Big data platforms being held back by skills shortage

DataIQ News

Three quarters of businesses (74%) expect their big data platforms to drive reliable, useful, and profitable business applications by the end of 2019, even though only 12% say they are seeing this value at the moment.

A study from Unravel and Sapio Research found that around half of business leaders (49%) blame a lack of skills and experience in developing apps and analytics for big data, suggesting that most organisations are some way from realising big data’s business value.

Although 84% of respondents claim their big data projects usually deliver on expectations, only 17% currently rate the performance of their big data platforms as ‘optimal’.

There are stark differences between how managers and senior teams see their big data platforms: 13% of VPs, directors and C-suite members report their platform only meets half of its KPIs, but more than double the number of managers (29%) say the same.

When it comes to the top priorities for improvement, data analysis was cited by 43% of respondents, followed by data transformation (39%) and data visualisation (37%).

Meanwhile, the study also found that most businesses are not yet using big data applications to grow their businesses; the top four most profitable and effective uses of big data are currently cybersecurity intelligence (42%); risk, regulatory, compliance reporting (41%); predictive analytics for preventative maintenance (35%); and fraud detection and prevention (35%).

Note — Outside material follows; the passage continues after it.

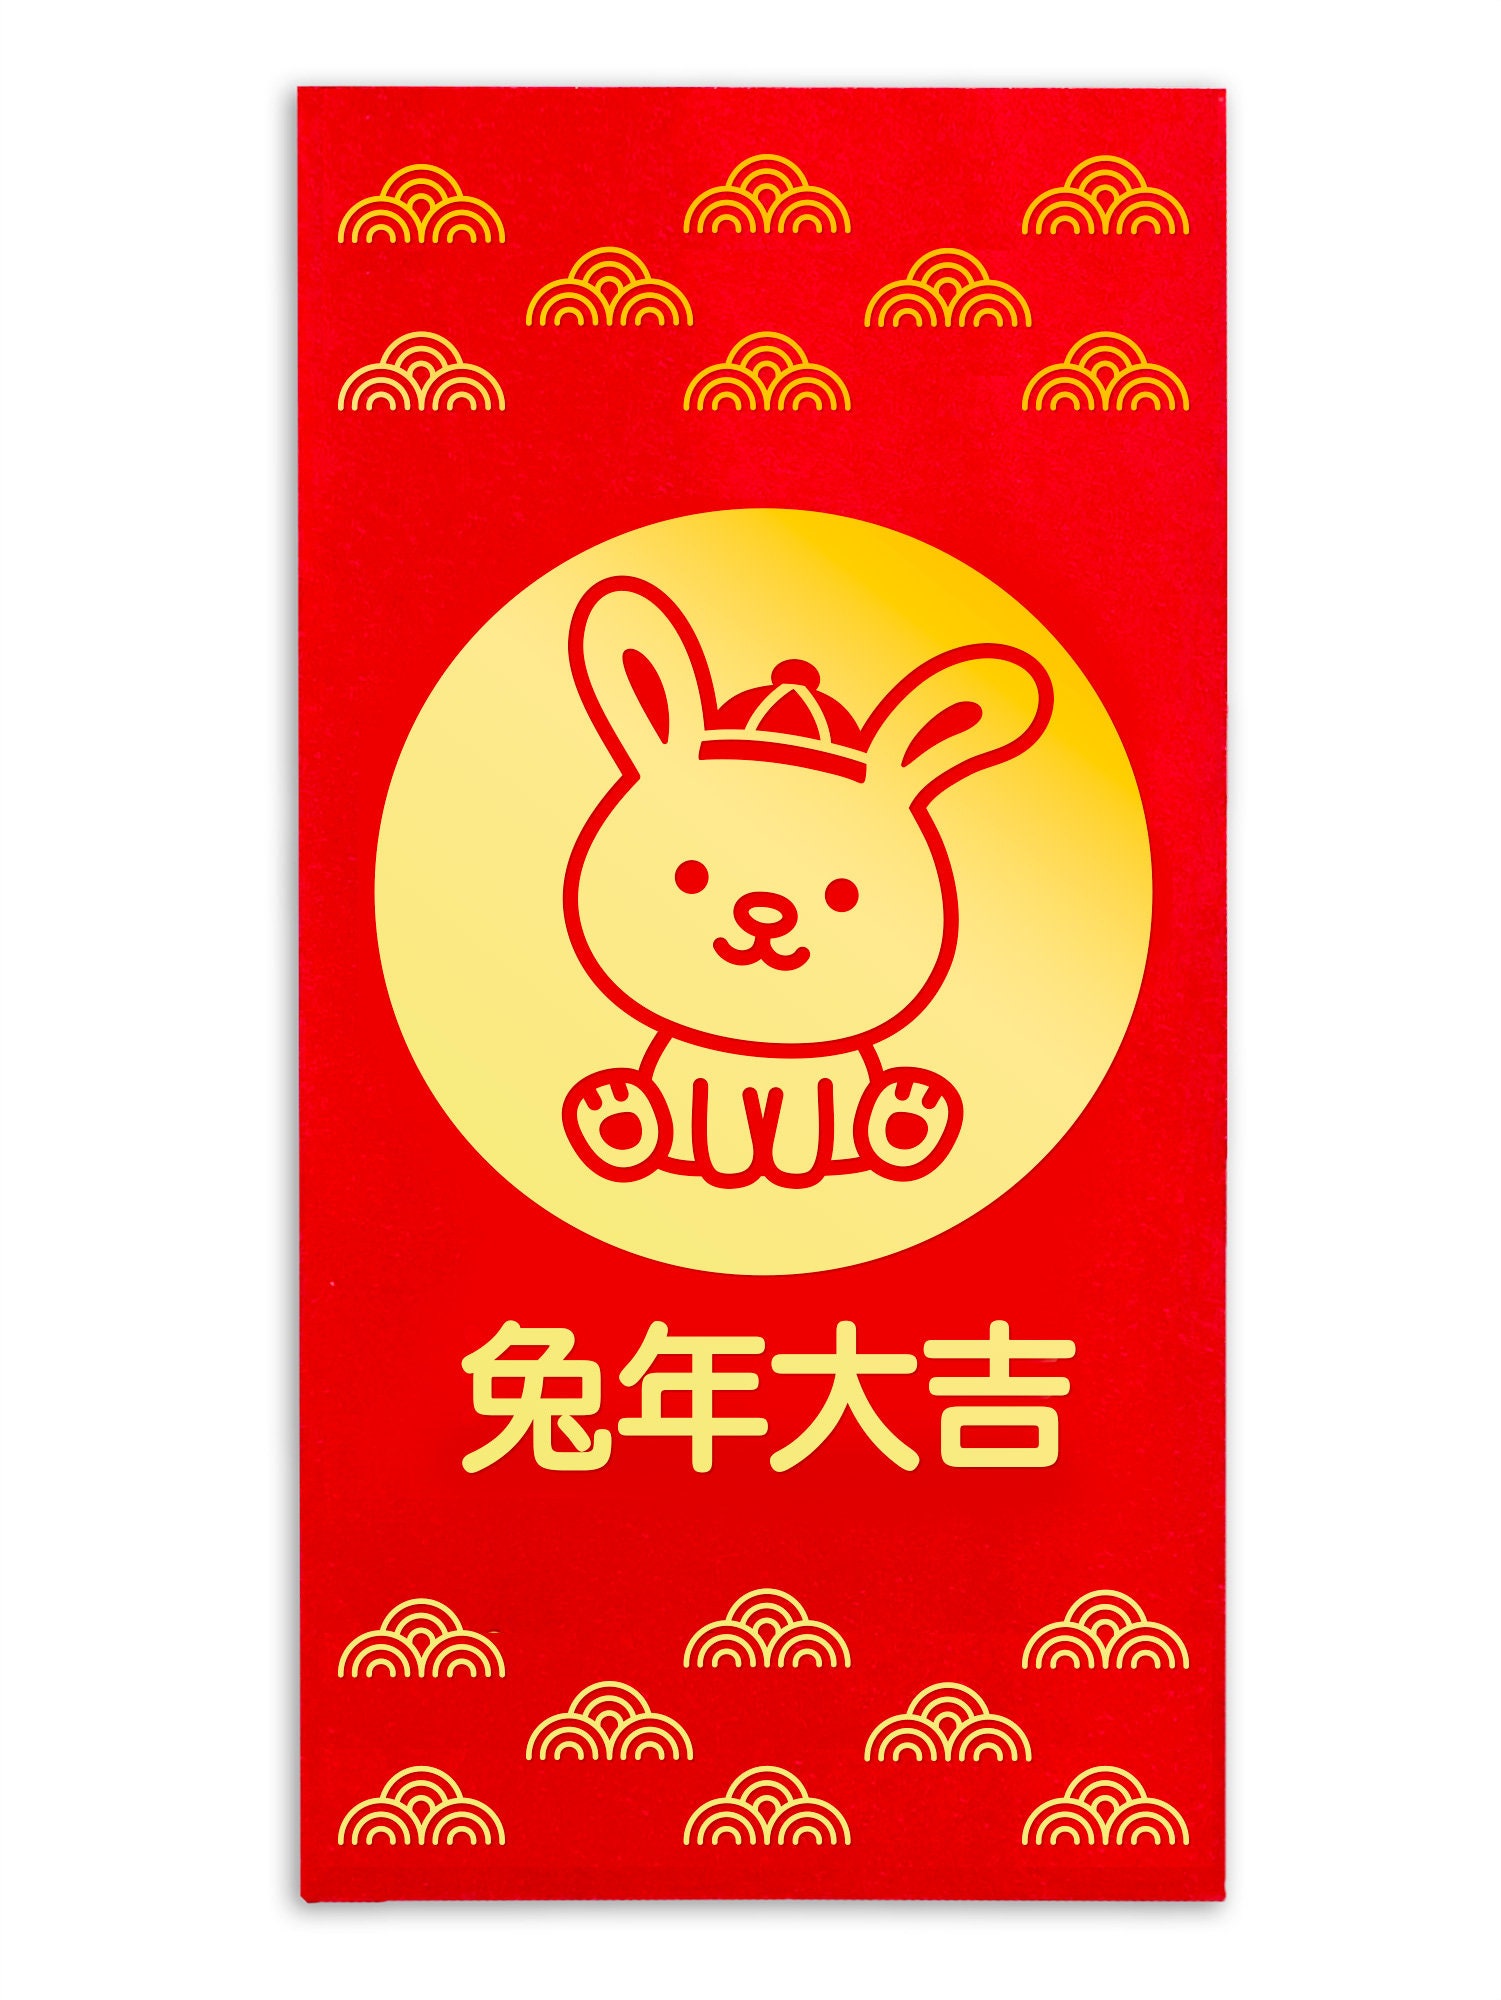 Red Envelope Rabbit Year Stock Photo 71240719

Unravel Data chief executive Kunal Agarwal said: “Most organisations have high hopes for what big data applications can do for them – and rightly so. But reliable performance is still some way off, which could delay the benefits businesses hunger after. The challenge now is to ensure the big data stack performs reliably and efficiently, so the next generation of applications, across analytics, AI and machine learning, can deliver on those aspirations.

“Only then might we see organisations flip their mindset from thinking of big data as fuel for defensive activities, like cyber-security and compliance, to seeing it as a catalyst for business growth.”